◆ WHAT IS BEING ASKED ◆
Reproduce the whole listing word for word. Leave every image out.

◆ RECORDED INFORMATION ◆
....
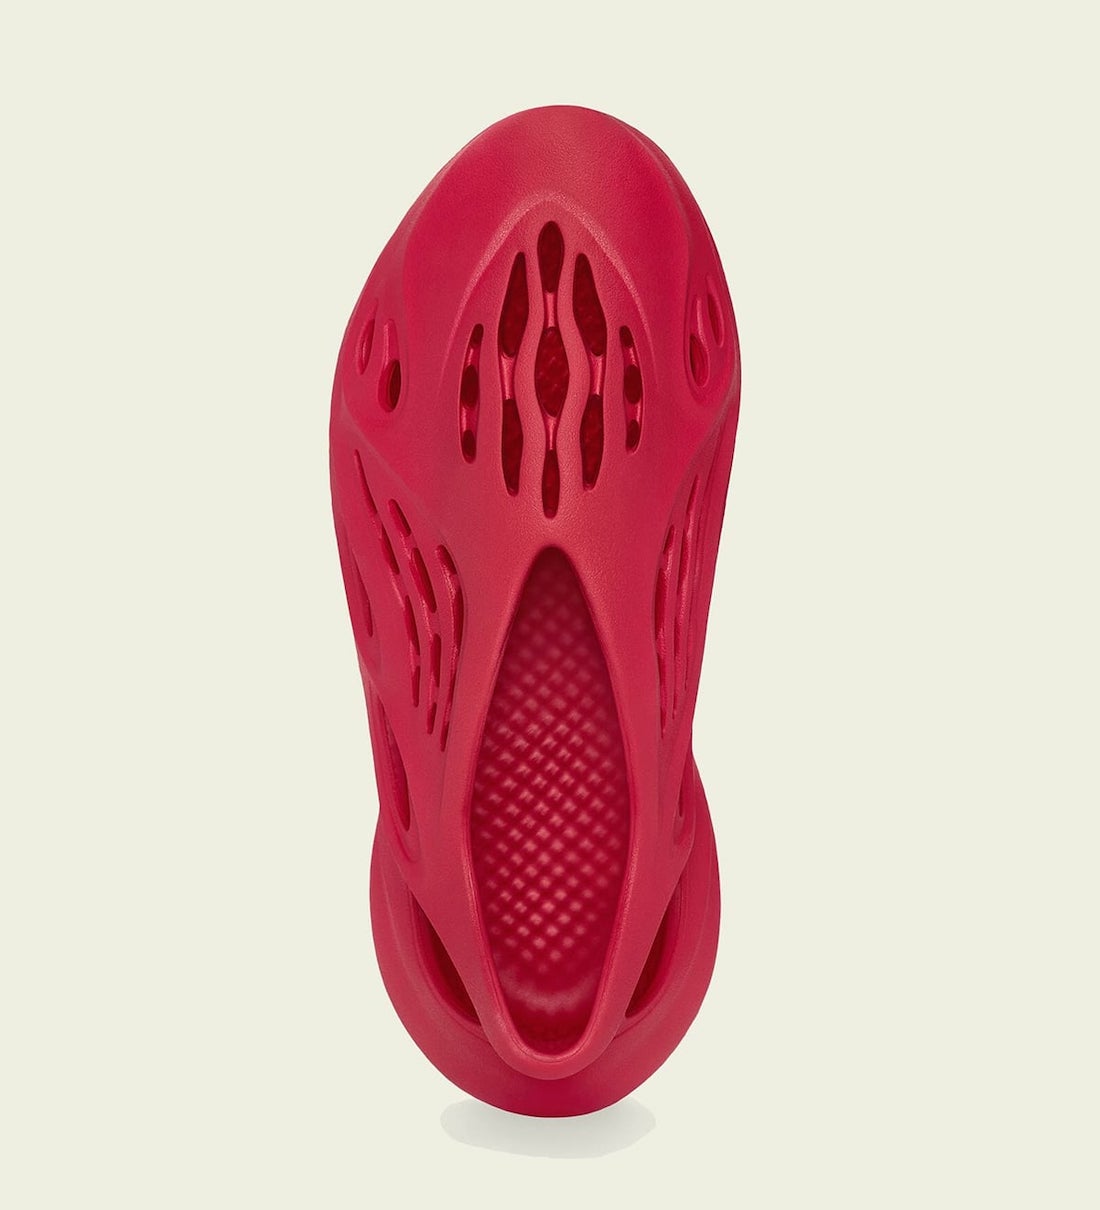 Red-adidas-Yeezy-Foam-Runner-Vermillion-GW3355-Release-Date-3
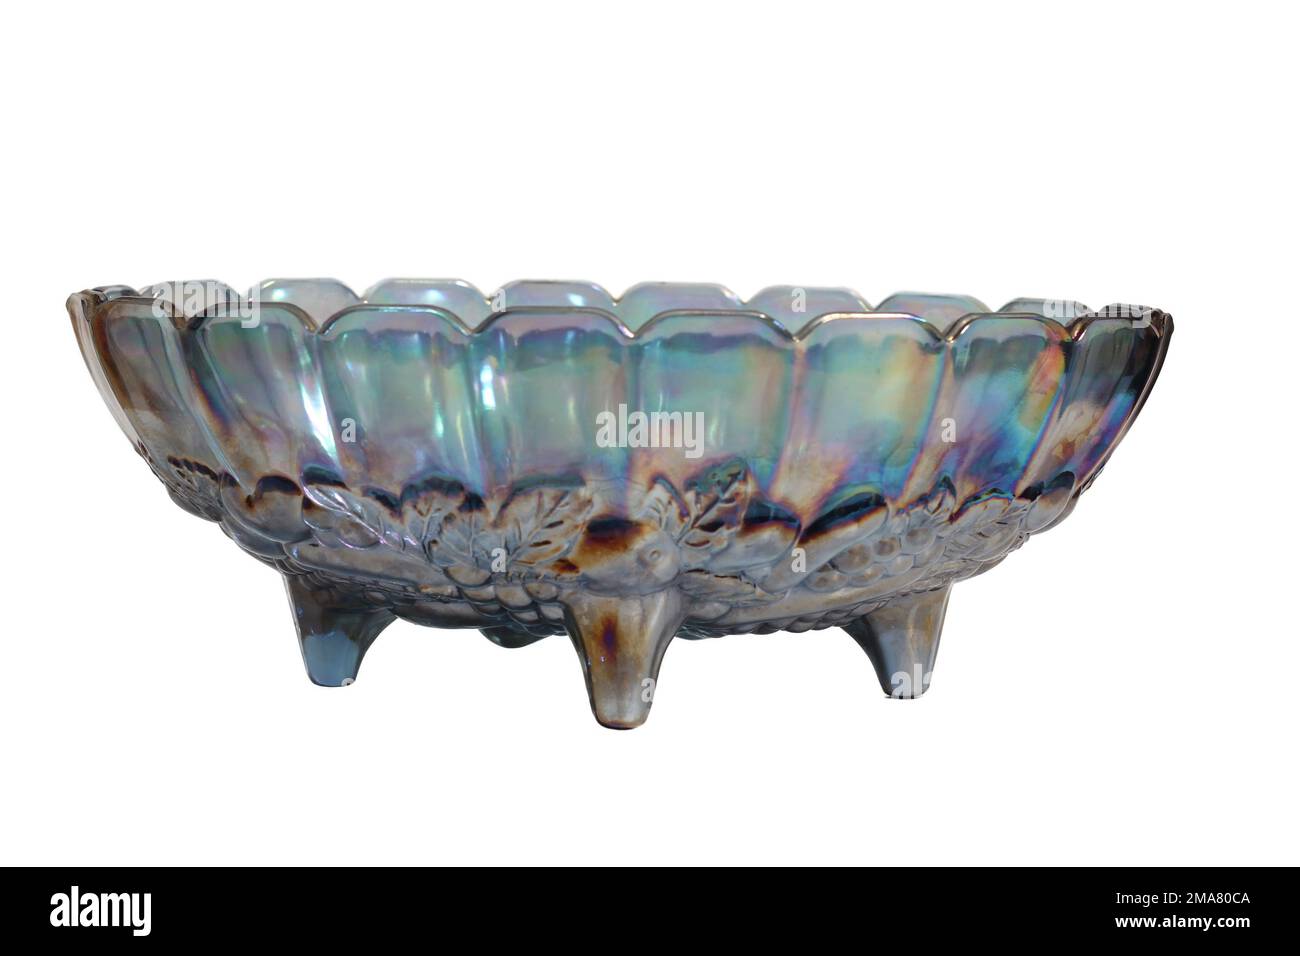 https://c8.alamy.com/comp/2MA80CA/vintage-blue-carnival-glass-fruit-bowl-isolated-on-white-2MA80CA.jpg
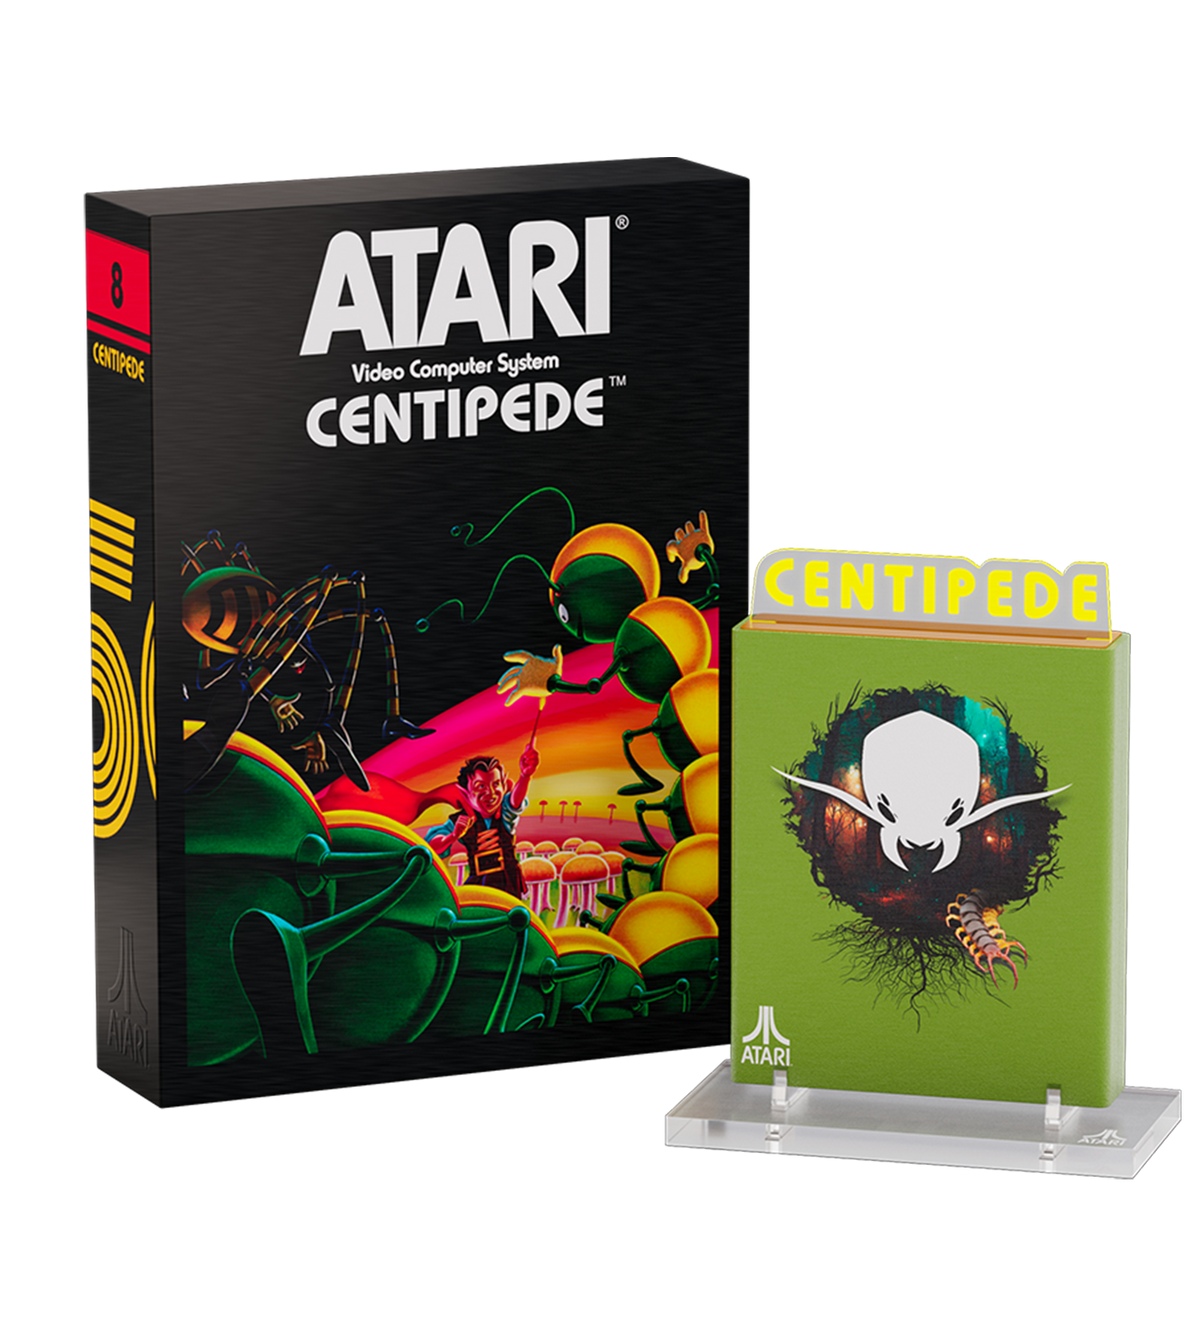 Centipede Limited Edition (Atari)
....
◆ SOLUTION FOR THIS PROBLEM ◆
 Red-adidas-Yeezy-Foam-Runner-Vermillion-GW3355-Release-Date-3
 https://c8.alamy.com/comp/2MA80CA/vintage-blue-carnival-glass-fruit-bowl-isolated-on-white-2MA80CA.jpg
 Centipede Limited Edition (Atari)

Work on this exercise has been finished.